Все произошло почти так же, как и час назад, но что-то переменилось в ней. Она неистово хрипела, молила о ласках. Это было похоже на битву на рапирах, на оголтелый штурм, на последний вздох того, чью грудь уже пронзили пули, на бессмысленную тщетную попытку жизни переломить неизбежную смерть. Но с каждым движением, проникая в нее, он чувствовал, что возвращается. Да, да он чувствовал все именно так. Скорее, скорее, иначе будет поздно, звучали в его голове назойливые колокола. Вот начинается разгон - все быстрее и быстрее, самолет отрывается от земли, стремительное усилие, взлет, небо!!! Взлетает он один, она остается на земле. Он видит ее усталое тело на простыне, он не успел даже с ней проститься…


Глава седьмая - последняя

Ничего не произошло, они проснулись вместе. Она встала раньше, он увидел утренний кофе на столе, ее фигуру в потрепанном пеньюаре, и ниспадающий солнечный свет через дверной проем.

Разговор за завтраком как будто ни о чем, будто бы ничего вчера и не было, будто бы они всегда были вместе. Взгляд без отрыва, прямо в глаза, ответное касание ног под столом, и легкий, как дым поцелуй ставит точку в этой немой игре.

“Сегодня ты возвращаешься, - вдруг строго сказала она. В правом внутреннем кармане своей куртки ты найдешь обратный билет, билет домой.
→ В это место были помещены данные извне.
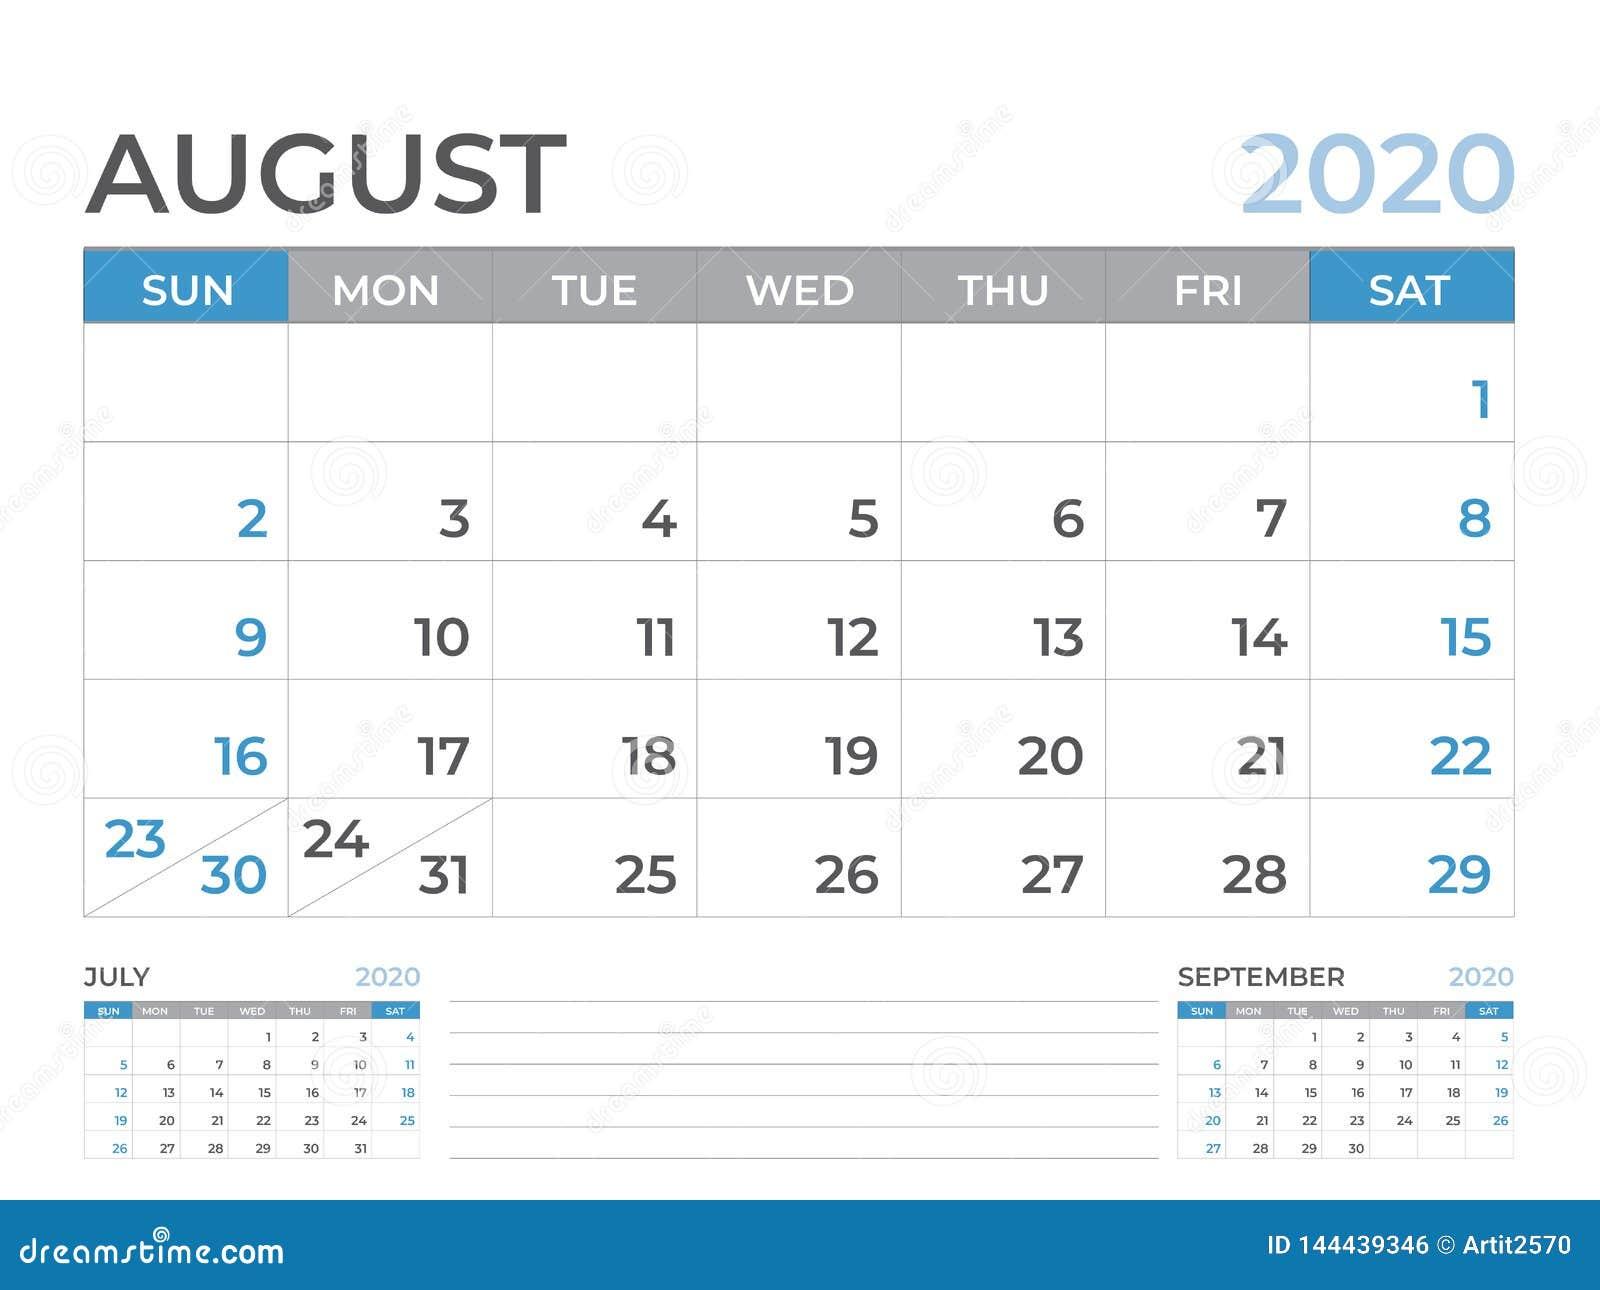 Calendrier Aout 2020.Aout 2020 Calibre De Calendrier Taille De Disposition De

А все твои медицинские изделия, все эти чудаковатые колпаки, скальпели и плетки чистое ребячество. Люди придумали все это от недостатка настоящих эмоций, настоящей любви. Не играй в эти глупые игры. Ведь ты уже научился любить. И теперь тебе не нужны суррогаты. И помни, я жду тебя там, на Большой Земле, поскольку я уже дождалась тебя здесь. Пока ты просто не увидишь меня там, но когда я вернусь… А я обязательно вернусь, и тогда, я встречу тебя там, такого же наивного и нелепого, такого же любимого. Я не Родина, но я ее часть. Не забывай меня”.

Он молчал, и, наверное, плакал. Он даже не спросил ее имени и не знал ее возраста, он даже не был уверен, что понимает о чем она только что ему сказала. Он целовал ей руки, вставал на колено, декламировал стихи. Наш герой казался беззащитным, но это была иллюзия. Все его желание жить, вся его воля к бегству домой трансформировались в маленький кусочек бумаги – в билет на самолет, который он нащупал в кармане. Студент встал из-за стола и подошел к ней. Он был спокоен и наверное даже улыбался. “Ты моя Родина, и я люблю тебя”, - отчетливо произнес он: “Я прощаюсь с тобой и возвращаюсь к тебе”. Их губы соединились в последнем поцелуе, образовав единое гениальное лицо, лик любви, сплетенный из соединенных лиц влюбленных всех времен. Он закрыл за собой дверь и выскочил на лестничный марш.

Сверкающее, вышколенное такси везло его в аэропорт, с каждым метром приближая его к цели. Зал ожидания, пограничник, таможня – все промелькнуло, словно ускоренная съемка и скрылось в дымке памяти. “Интересно, а как зовут пограничника, что так радеет за чистоту ногтей. Наверное, Николай или Семен”, - почему-то подумал он, садясь в самолет и тотчас же усмехнулся нелепости своего предположения.

А потом был стремительный разбег неповоротливой машины, нервная дрожь двигателей, и миг воспарения над землей накрыл его, как оргазм. Он летел сквозь серое небо, которое простирается отсюда до его Родины, и еще далеко, далеко и обнимает не связанные между собой земли. Это небо простирается и над ним и над ней, ожидающей своего возвращения. Он уже не помнил о грязи под ногтями, он, наверное, забыл, что профессор ждет его. Юноша смотрел в холодное стальное небо, и ждал знакомых очертаний на земле. Очертаний того, куда он так стремился.



 

 

 

Вл. Л. Григорьевъ 29 декабря 2000 г.